The problems with the Pennsylvania State Educators Retirement System (PSERS) are pretty dire, and the solutions on the table are unjust and inequitable to everybody.
PSERS is facing a shortfall and the only solutions are to scale it back or increase taxes. Let’s take a look at the solutions, why they are all bad for everybody involved, and how this whole thing happened in the first place.
Scaling it back further diminishes the already minimal value placed on the teaching profession and isn’t fair to the teachers who have dutifully paid into the system. Pensions make teaching attractive. All teachers in PA are required to get a master’s degree within five years of being hired, or they lose their jobs. Many districts make teachers pay for this out of their own pockets. This means teachers must pay in order to keep their jobs. After the five years, the credit-hours teachers have gotten resets to zero, and teachers must, again, get a master’s or master’s equivalent in five years, or again face the threat of losing their job. The second time around is easier, because you can take cheaper courses offered by Intermediate Units, but this, again, takes time and costs money. Teachers often, in a few short years, acquire as much schooling as a lawyer but make a tenth of what a lawyer makes. Yes, yes, “then why don’t teachers just become a lawyers”. Is it so wrong to want to pass on knowledge to youth? To share a passion for a subject? Maybe it isn’t wrong, but it isn’t valued the way it should be. Teachers deserve their pensions, it’s one of the few bright spots in an expensive, time-consuming, underpaid profession. (Note to Readers: Feel free to throw your “summers off” arguments at me, I’m ready to counter.)
An alternate solution proposed is to sell out new teachers and reduce their pension benefits and/or change their plans to something resembling a 401K, bringing it in line with the private sector. Firstly, the private sector isn’t a model of equity for workers. Just because the private sector tries to maximize profit by providing minuscule benefits does not mean everybody should have their benefits reduced. The government doesn’t have the profit motive, so private sector comparisons never make any sense to me. Selling out young teachers is offensive.
Sacrifice the future to secure entrenched workers? Not right.

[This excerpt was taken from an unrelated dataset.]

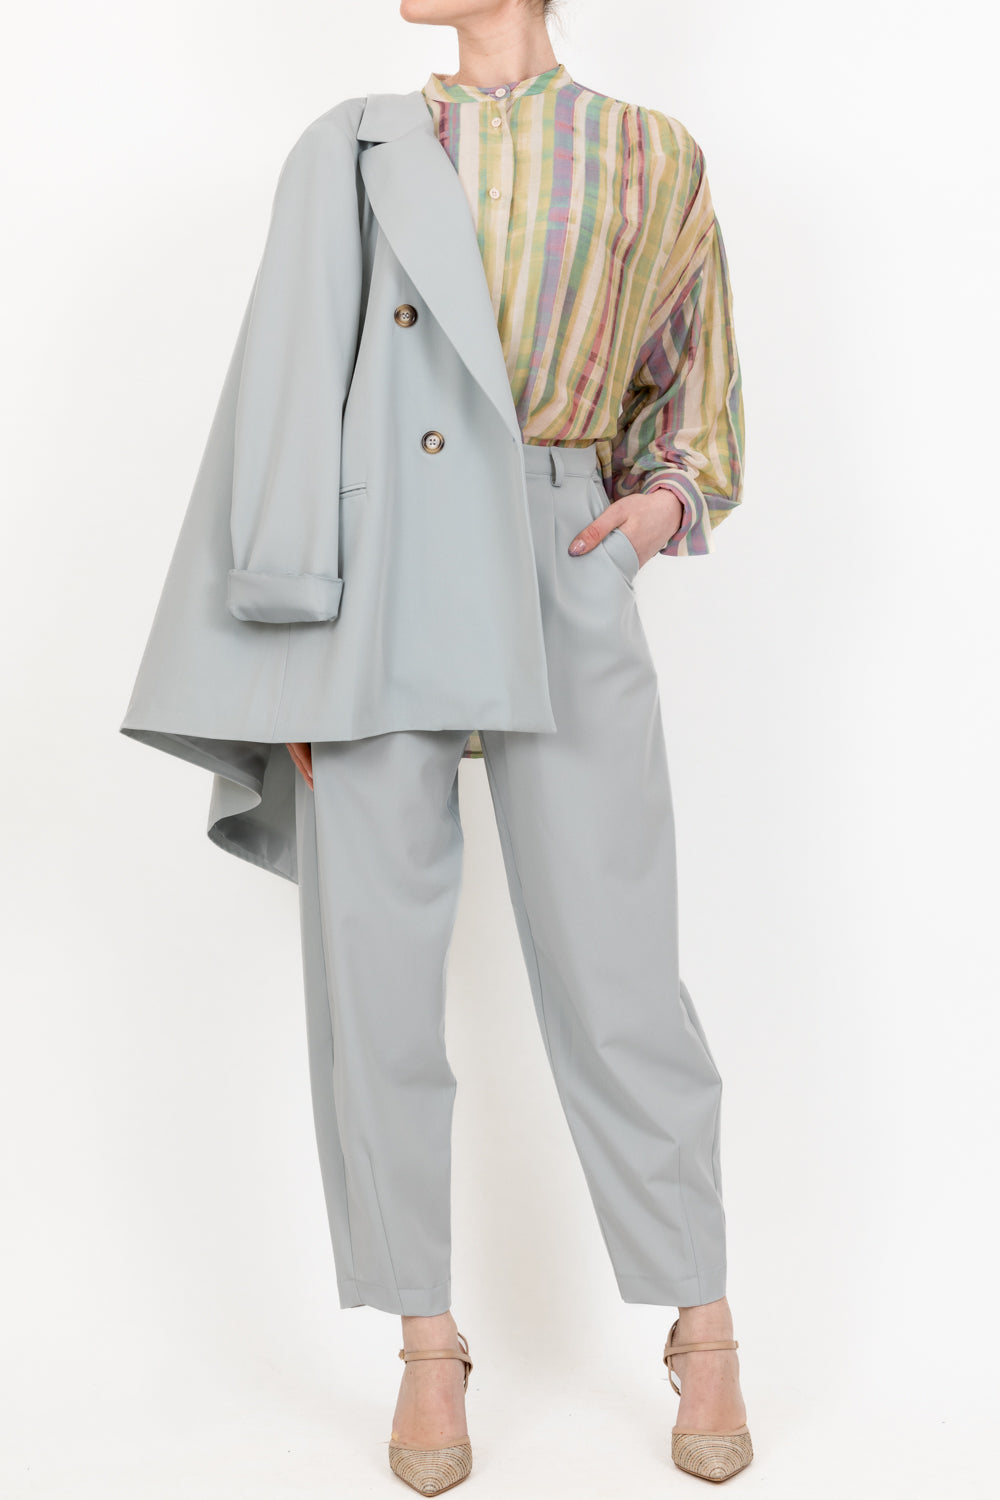 Dixie - Completo giacca doppiopetto pantalone carrot Art. J845J016 / P845J076

The other side of this, raising taxes, isn’t fair to taxpayers at all. They did not cause this problem, why should they pay? That’s pretty straightforward.
So let’s look at why we are in this problem.
The cost of pensions is shared by districts, the state, and teachers. A district and teacher will pay a percentage, then the state reimburses the district half of what it paid. This keeps the system fully funded. Simple enough.
Except that Governor Ridge instituted a program, effective 2001 and lasting until 2002, whereby districts did not have to contribute a dime to the pension system, and then in 2003 their contributions were very low.
Meanwhile, teachers kept on paying, but without the contributions by districts (and subsequent state money), the pension fund slowly but surely diminished. Over the years, the effect of this “contribution holiday” compounded, because the money was never made up. It needs to be made up for now, though, and it doesn’t look pretty.
Then the economic crisis hit, hitting the pension hard, increasing the shortfall and the inevitable cost of fixing it.
While this likely makes the Commonwealth Foundation jump up and down with glee, the effect, which Ridge had to be aware of, was that the pension fund would hit a crisis. People do not want to pay more taxes, especially not when it is to fund the retirement of teachers who get their summers off, those jerks. Conservative anti-unionists know this. So, there you have it, a crisis with two solutions: tax people, or destroy the pension. What do you think will be more politically popular? What do you think will be easier?
Yet another vestige of worker security gets destroyed. Yet another nail in the middle class coffin. Yet another success in the fight to destroy unions. The most clever part of this, as Jack London pointed out many, many years ago in the Iron Heel, is that the middle class taxpayers will be fully behind this. The best way for conservatives to fight is to divide and conquer. The middle class has been divided against itself for a long time, and we’ve been getting conquered bit by bit for years.
The saddest part of this is that there is no good solution to PSERS. Everyone will lose.